Work instruction: Each and every line below goes into your answer unchanged, but leave out the images.

Information provided:
+++

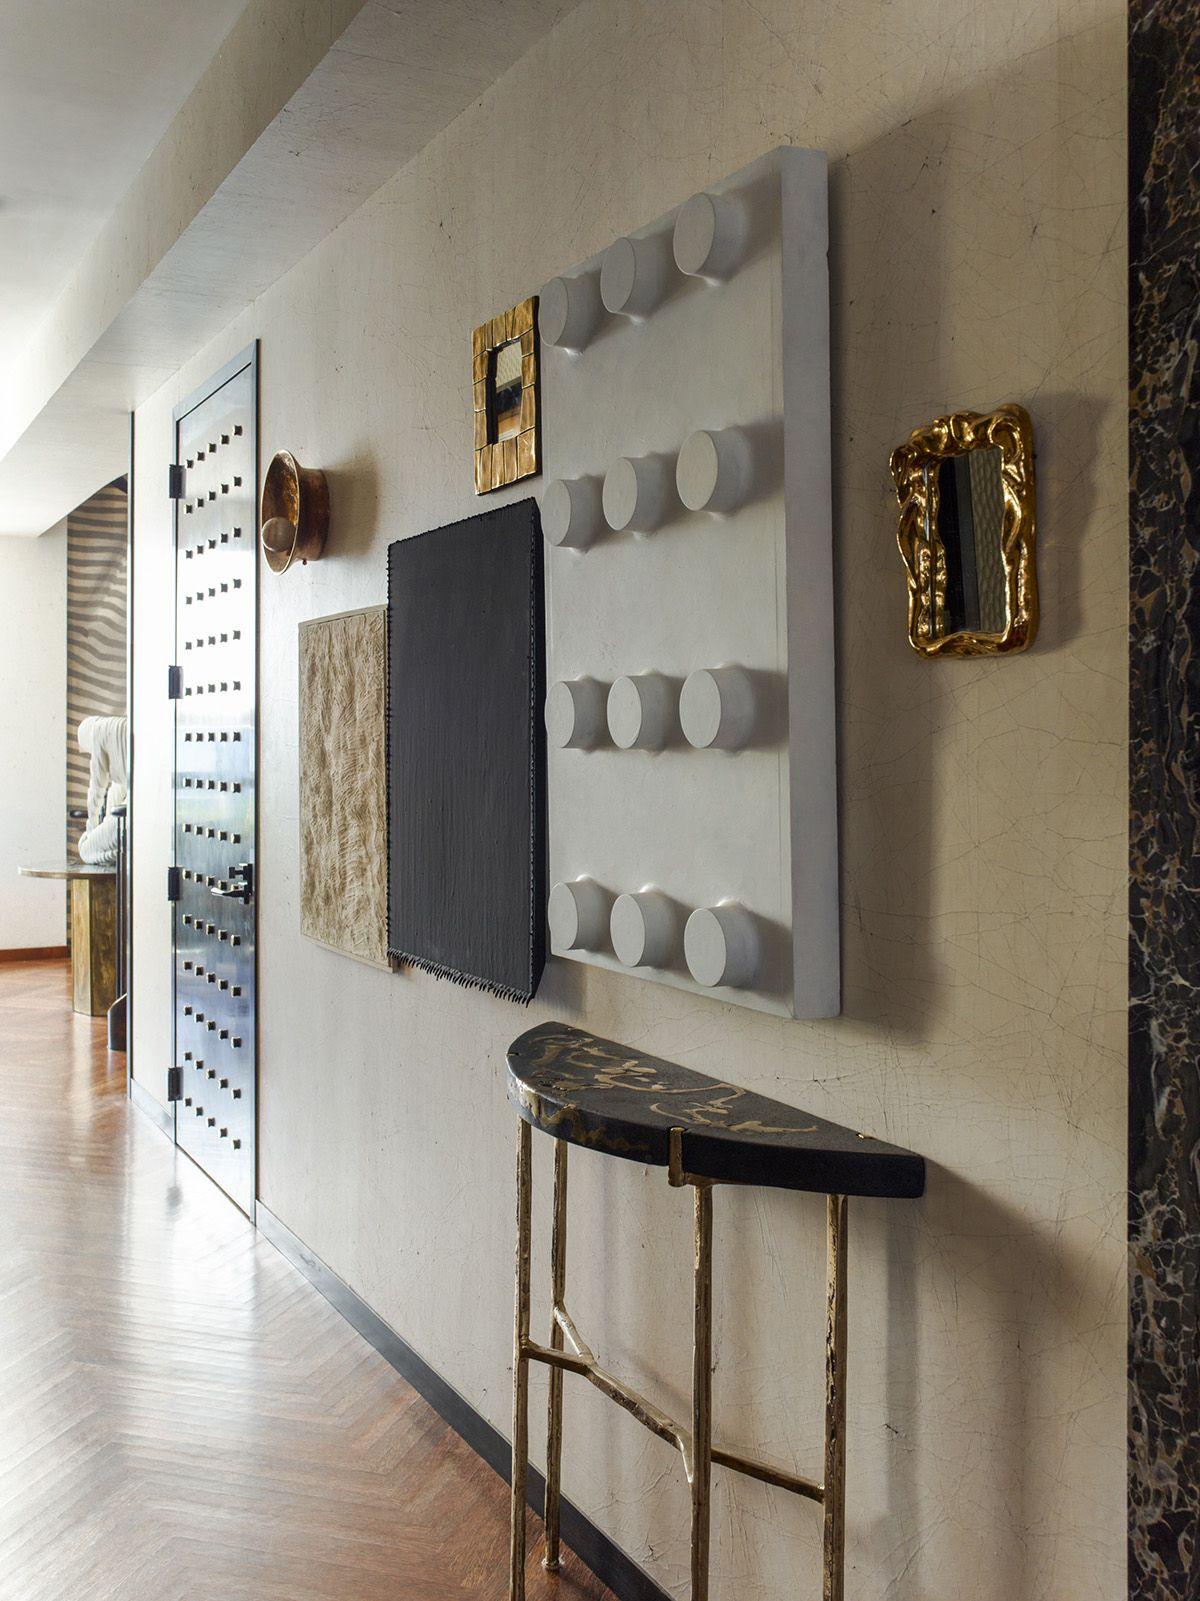 Kelly Wearstler - Interiors Blodgett Residence, New York
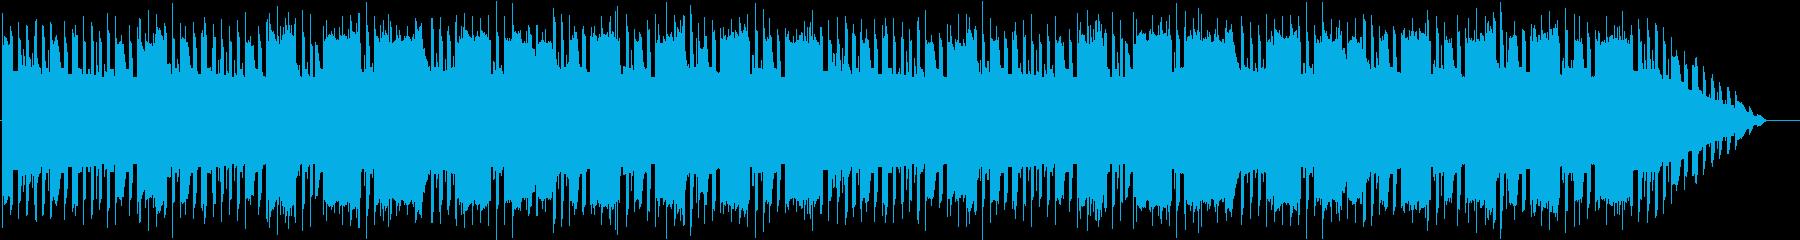 【8bit】わくわくショッピングタウンの再生済みの波形
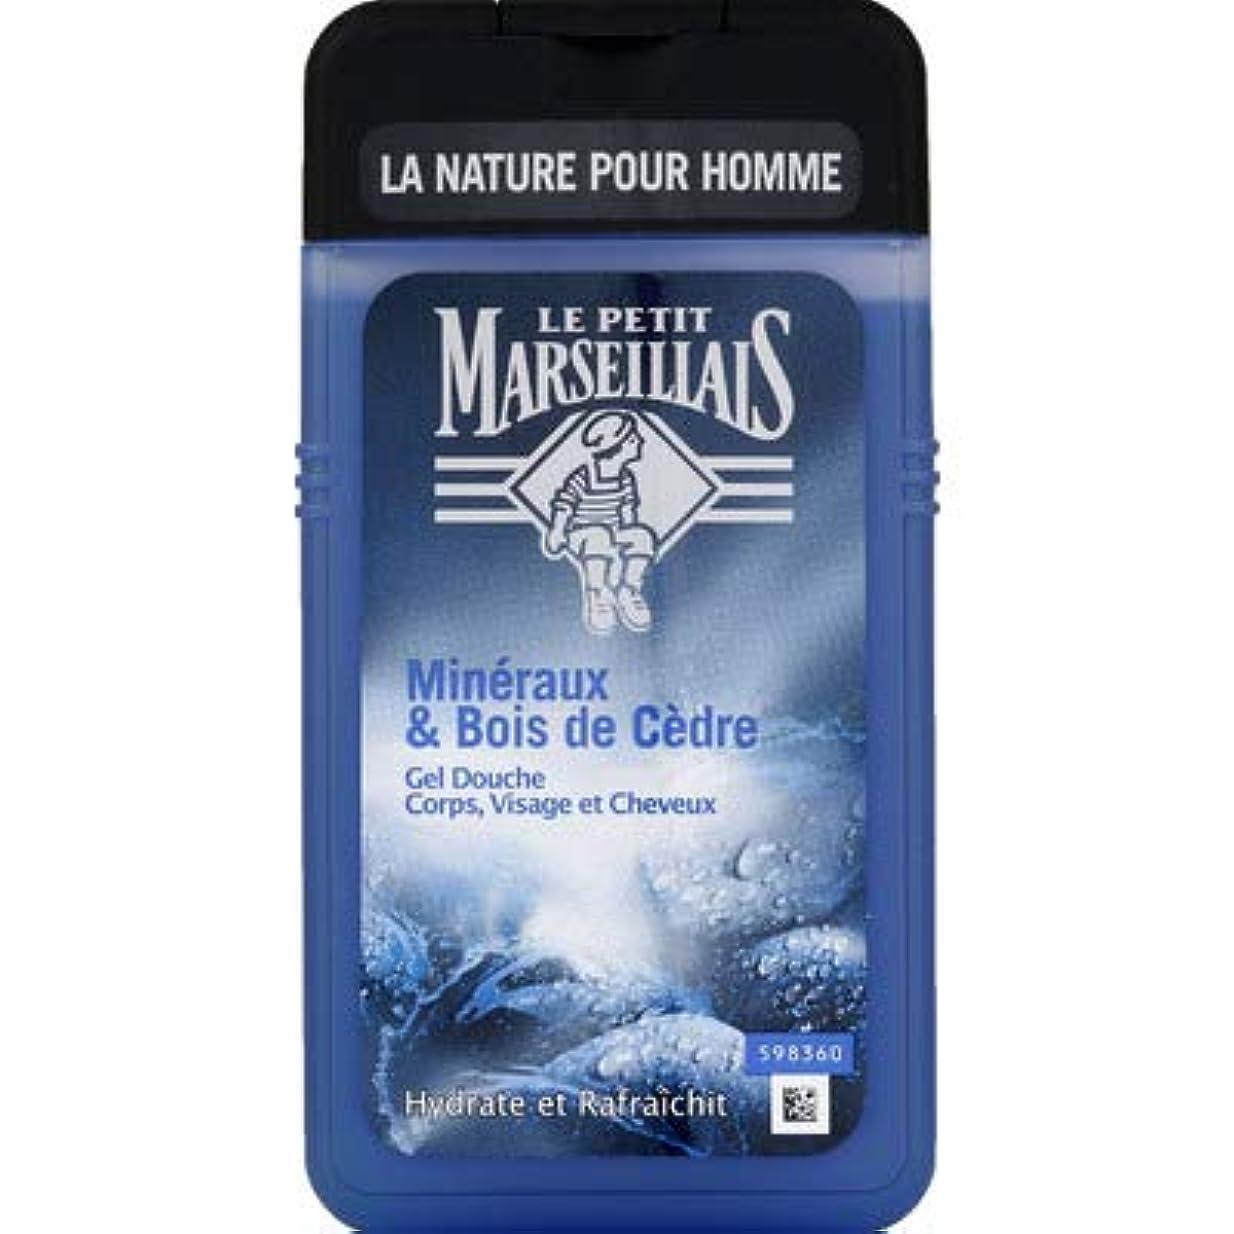 ファブリック腹モニカメンズ用 顔?髪?体 ボディウォッシュ「ミネラル」と「シダーウッド」シャワージェル フランスの「ル?プティ?マルセイユ (Le Petit Marseillais)」 250ml

+++

Completed exercise:
 Kelly Wearstler - Interiors Blodgett Residence, New York
 【8bit】わくわくショッピングタウンの再生済みの波形
 ファブリック腹モニカメンズ用 顔?髪?体 ボディウォッシュ「ミネラル」と「シダーウッド」シャワージェル フランスの「ル?プティ?マルセイユ (Le Petit Marseillais)」 250ml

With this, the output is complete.